I'm totally with you! I sure hope your ok! I'm about to buy two 2.5 gallon barrels, so the same process would apply, except for your garbage pail issue.  

Where is your barrel stored? Do you have a floor drain in your cellar? I know that barrels need to be filled with water a few times to get the wood to expand and seal, so they won't leak. Have you filled it with water? I'm assuming this barrel has been fired and is treated and ready?

Obviously, the next trick is getting enough juice as the guys above are asking about. Next, is how much yeast you will need. God, I can only imagine it will be a large amount! Do you have an ore from a canoe? You may need this to stir things up, or you will definitely need that drill/mixer attachment.

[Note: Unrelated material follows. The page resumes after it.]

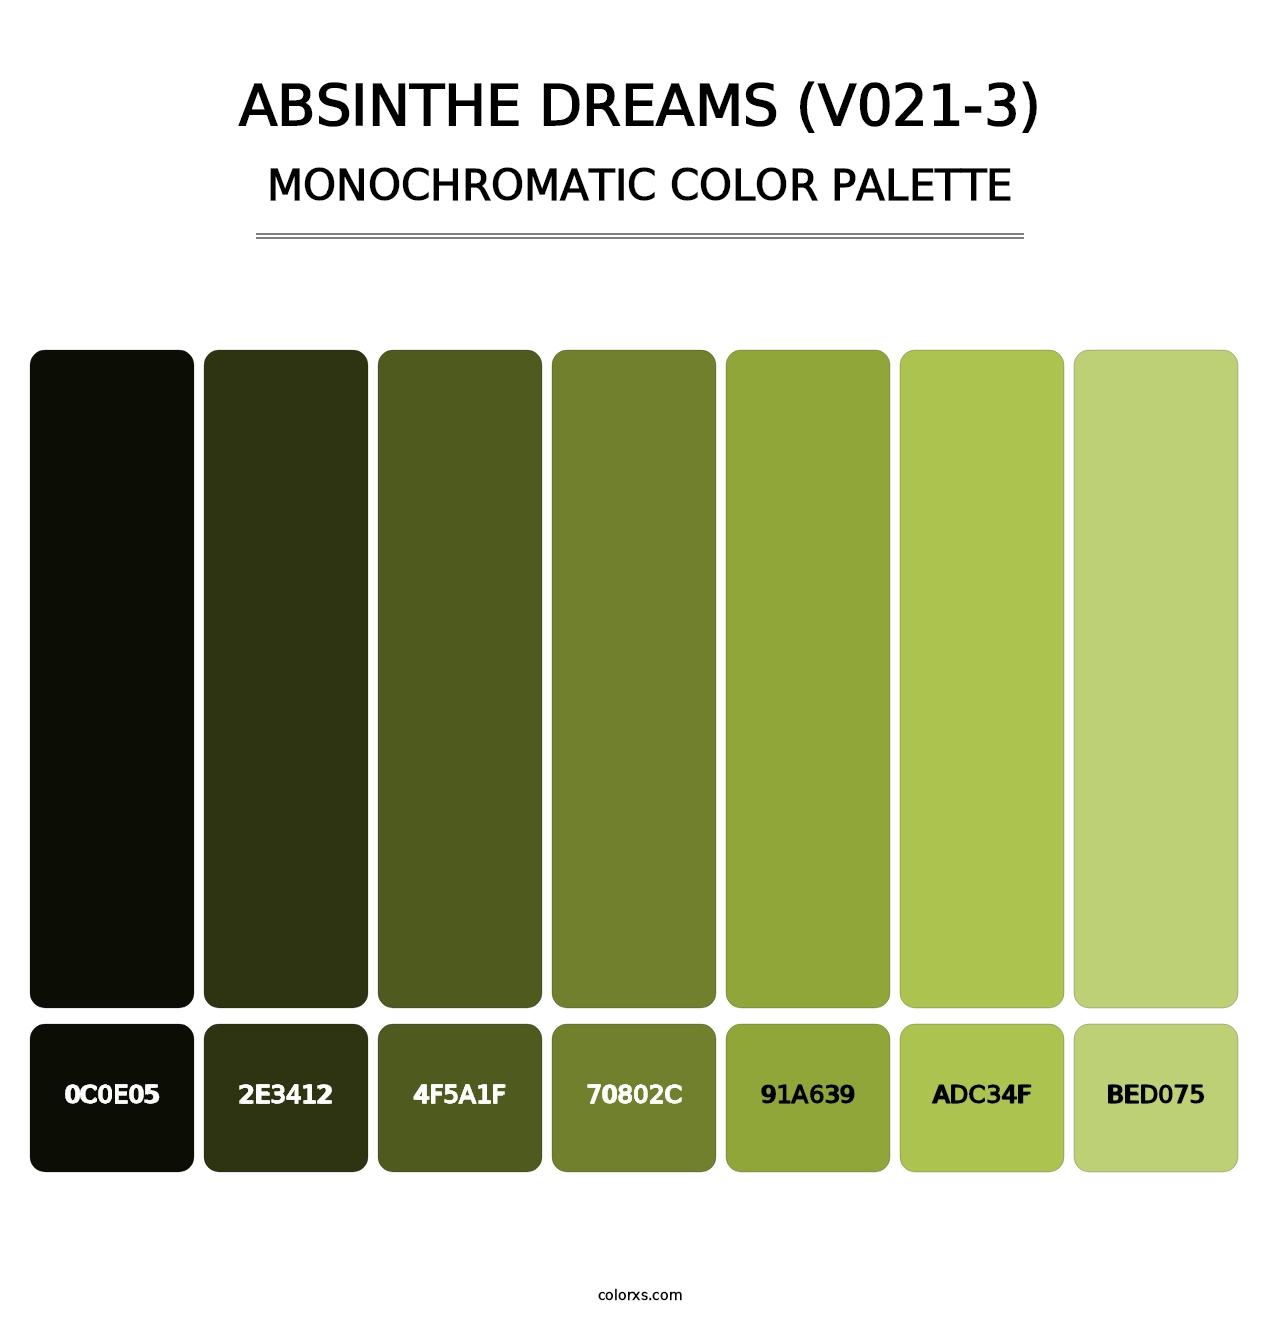 Absinthe Dreams (V021-3) - Monochromatic Color Palette
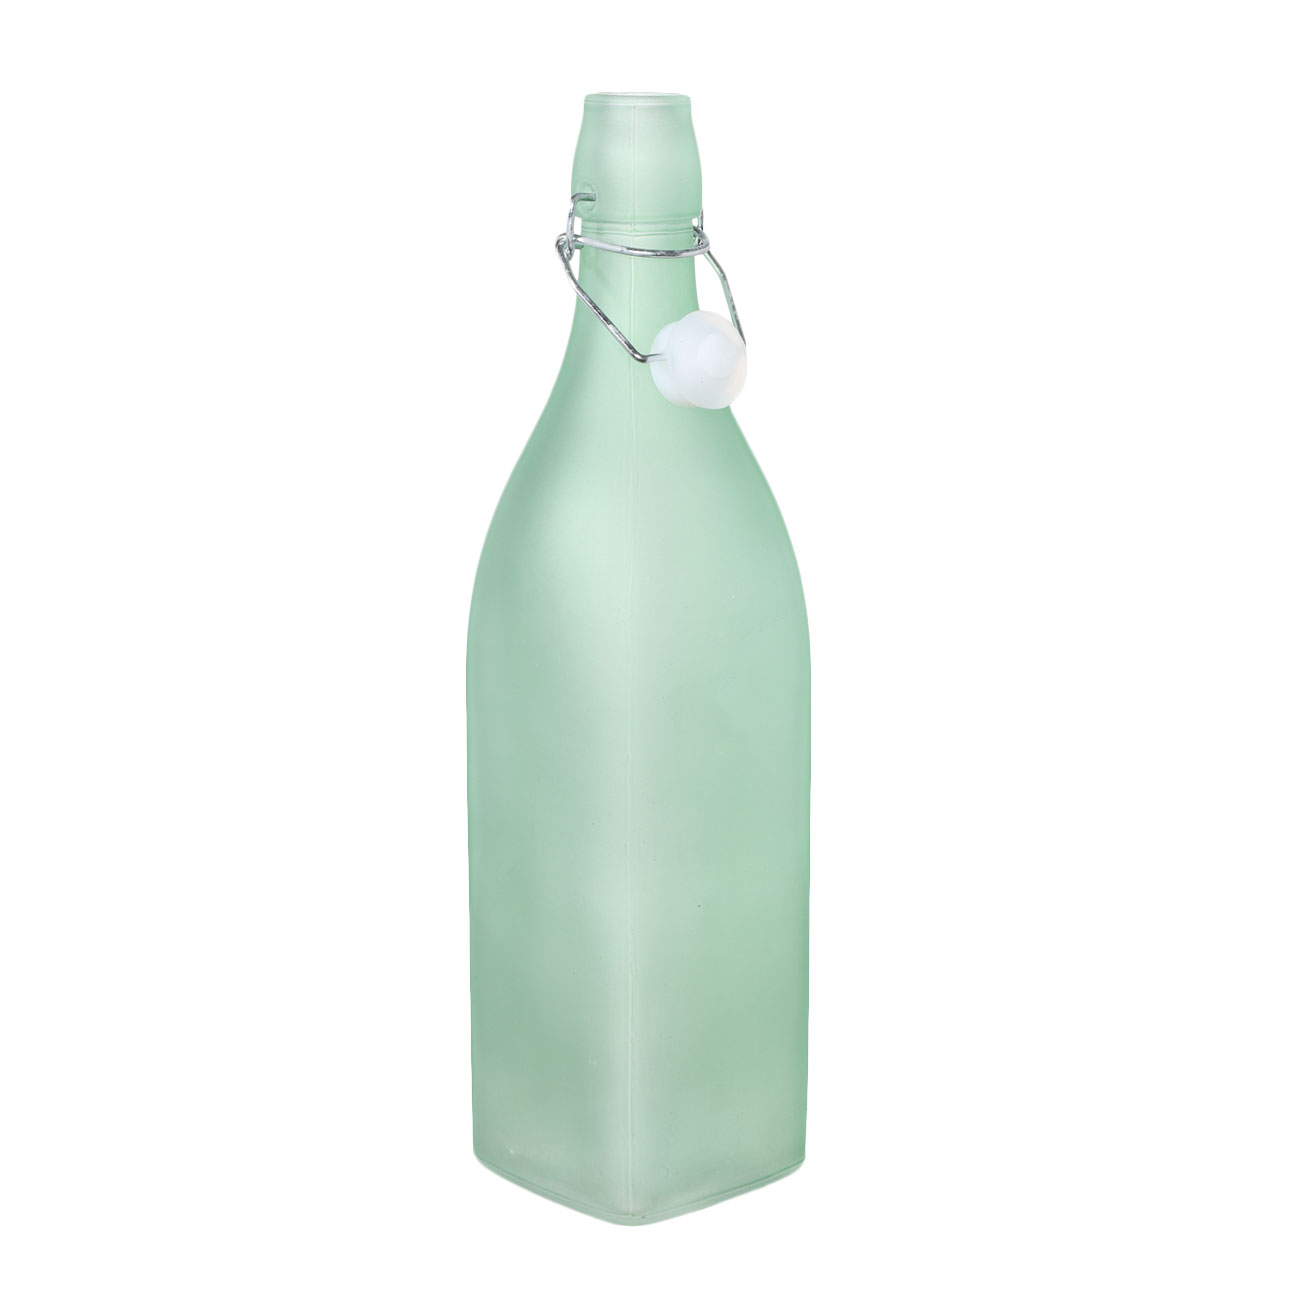 Бутылка для масла или уксуса, 500 мл, с клипсой, стекло/металл, зеленая, Light kitchen изображение № 2

As for your wife, that's all you..... we can only help with the wine!


----------



## thunder2000 (Jan 8, 2007)

The barrel came out of nappa valley were it was used for white wine (They have a good supply of them if you need one). A lot of people around here in southern Indiana have used big oak barrels but they get them from the Jack Daniels or Jim Beam plants that are in Kentucky. When you drink there wine you can smell the wiskey in the bottle. I dont want anything to do with that so I ordered my from the wine country. It has been treated and checked and is supose to be ready to go. 
The primary is the issue at the moment not sure what type to use. Once placed in primary Im not sure how long to expect to see SG at racking point.


----------



## Jags (Jan 8, 2007)

Do you know how many seasons the barrel was used? Knowing how much oak it's going to impart might affect your choice of wine made and/or length of aging in the barrel.


----------



## thunder2000 (Jan 8, 2007)

I'm not sure I guess I need to figure that one out. I hope they know where I got it.


----------